My South Asian Literature course ended yesterday, if I can frame things that way. In any case, yesterday we had our last class of the semester. We still have to prepare for the final examination, scheduled for Monday, barely two days away.
I don't know about other professors, but creating examination questions is rather challenging for me. Every time I teach a course, it is a different experience from any previous offerings of the course. My thoughts about any literary work change, influenced by various factors, such as the books and other writings I read all the time.
There is also the fact that rereading a literary work yields new insights. Then, each class of students is different in many ways from any previous class, resulting in different discussions of any given literary work. Nor is the sequencing of the readings constant from year to year. I also complicate matters more because I like to include, in the course, a text or texts I have never read.
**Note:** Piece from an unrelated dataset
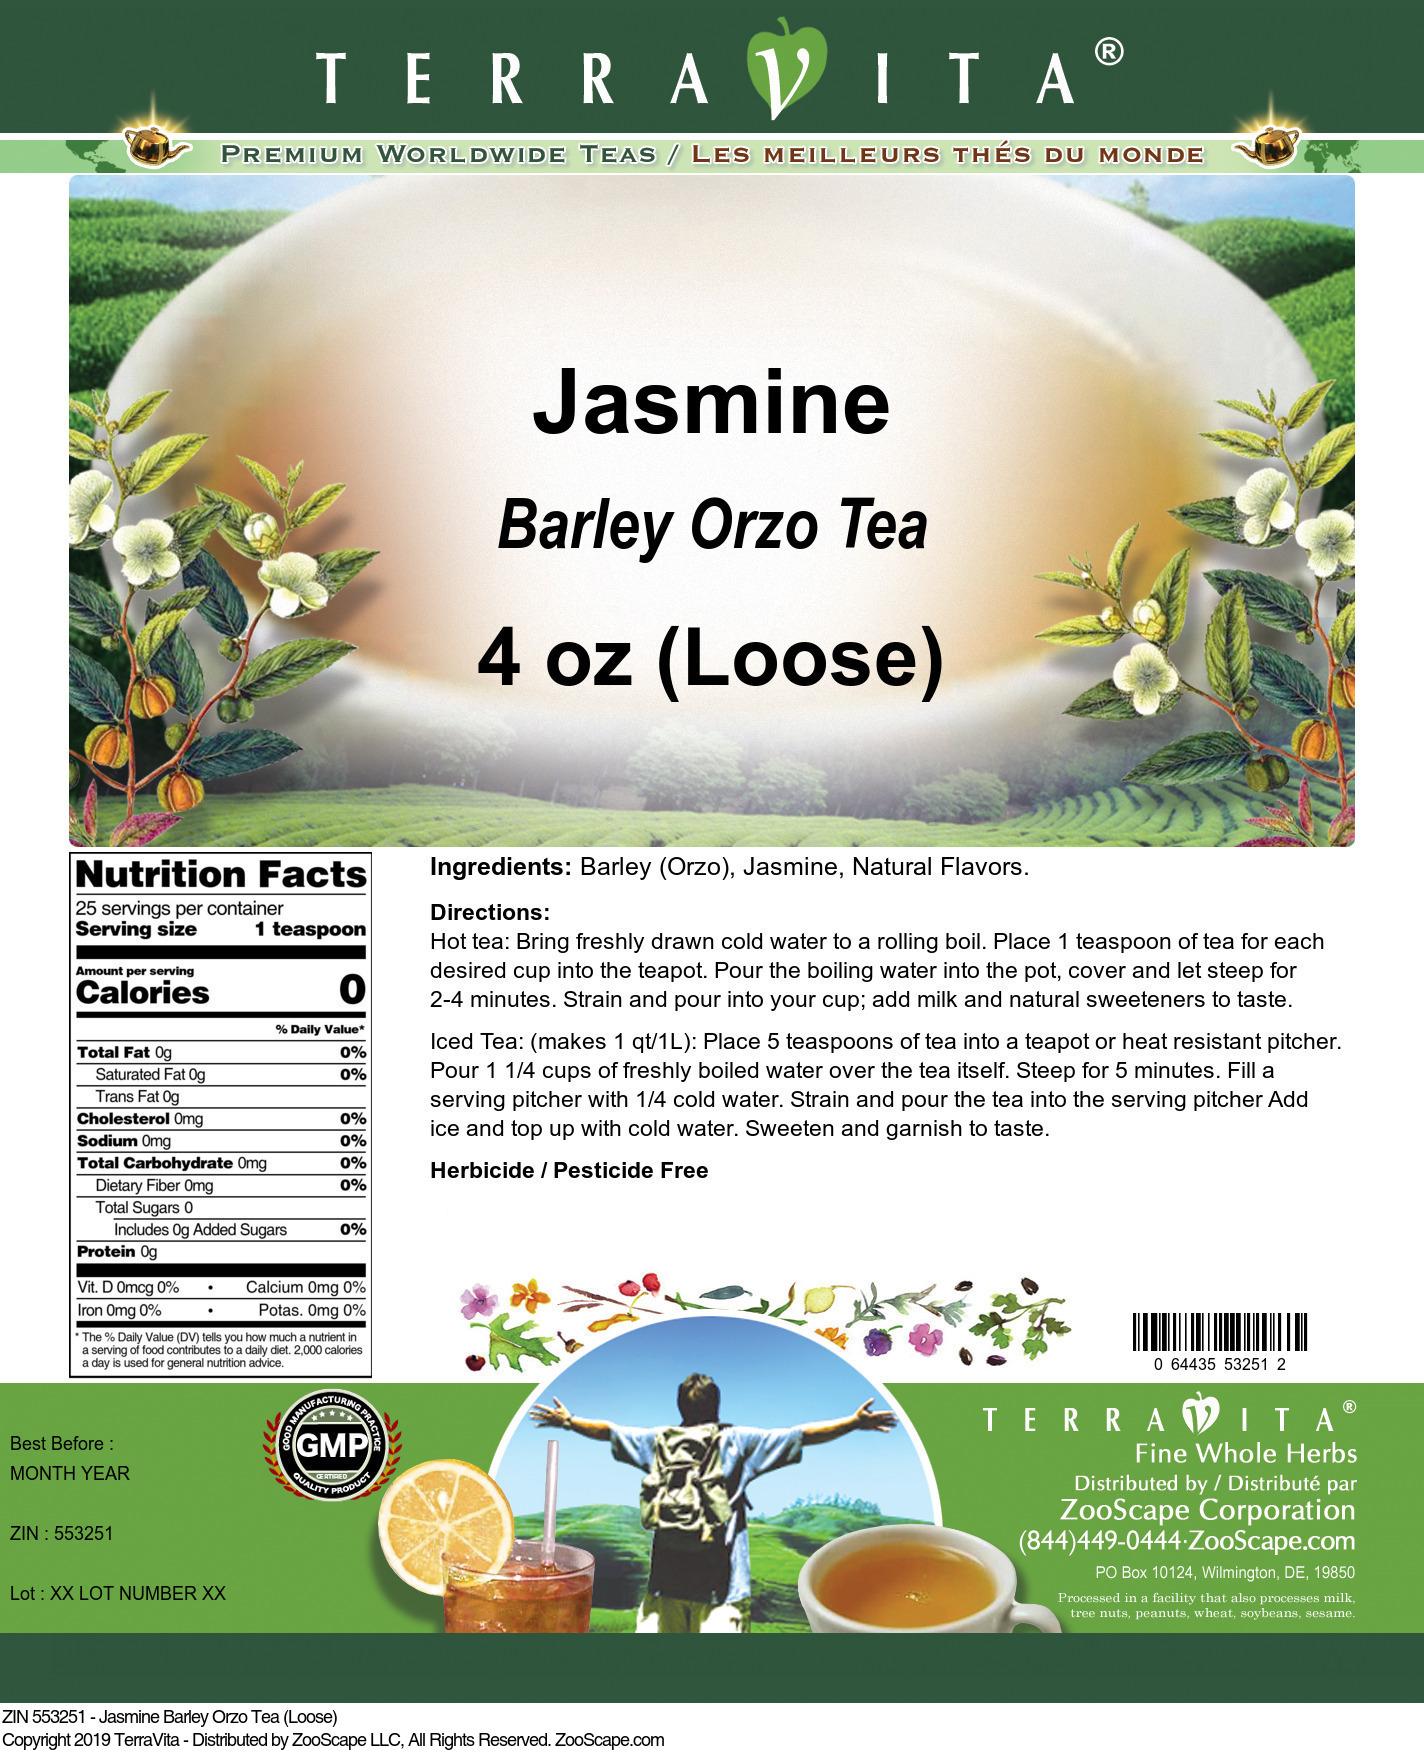 Jasmine Barley Orzo
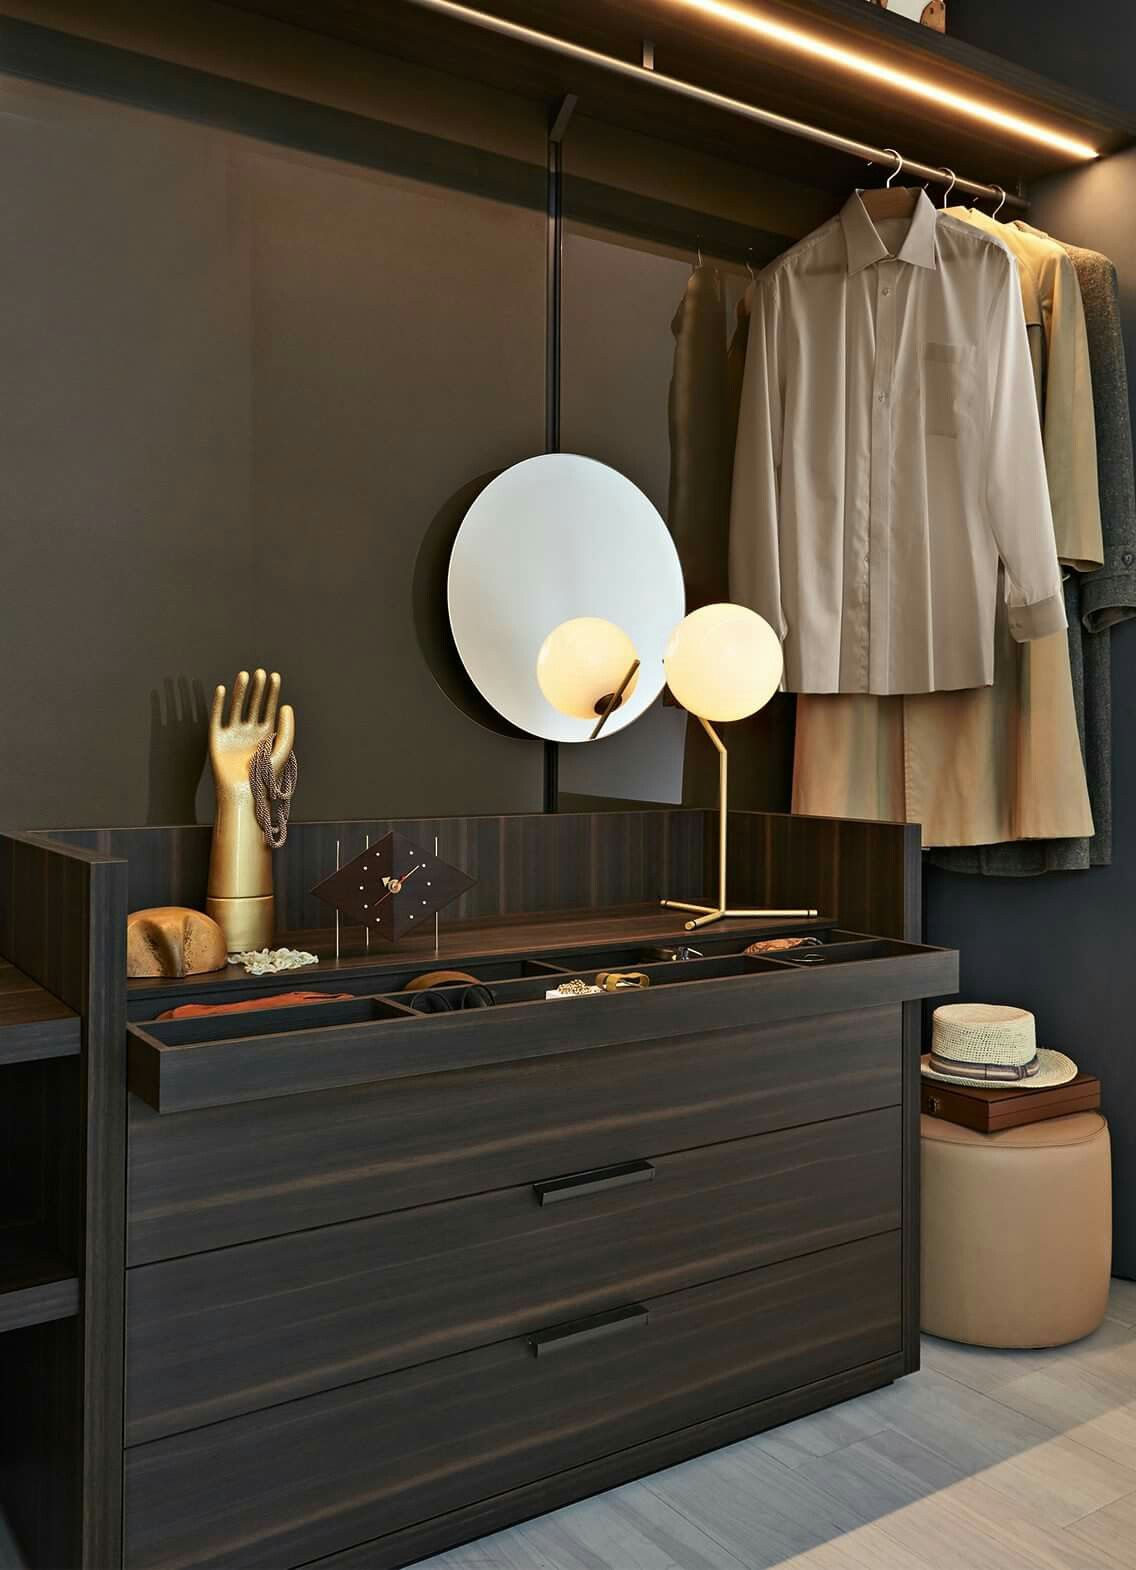 Pin by natasha van willigen on cabinets walkins and

In view of all this, I cannot simply give the students questions from past examinations. I have to think hard in efforts to capture the uniqueness of each iteration of the course. Since we did not manage to get to the end of Gunesekera's Reef, our last text for this semester, I have also to figure out how to incorporate this text in the examination., or how to give students the opportunity to use or invoke it. I cannot omit it entirely, since we have spent considerable time and effort on it.
That is the challenge I am facing this weekend. However, I am not overly concerned. I have always encountered such challenges and produced what I consider suitable examination questions.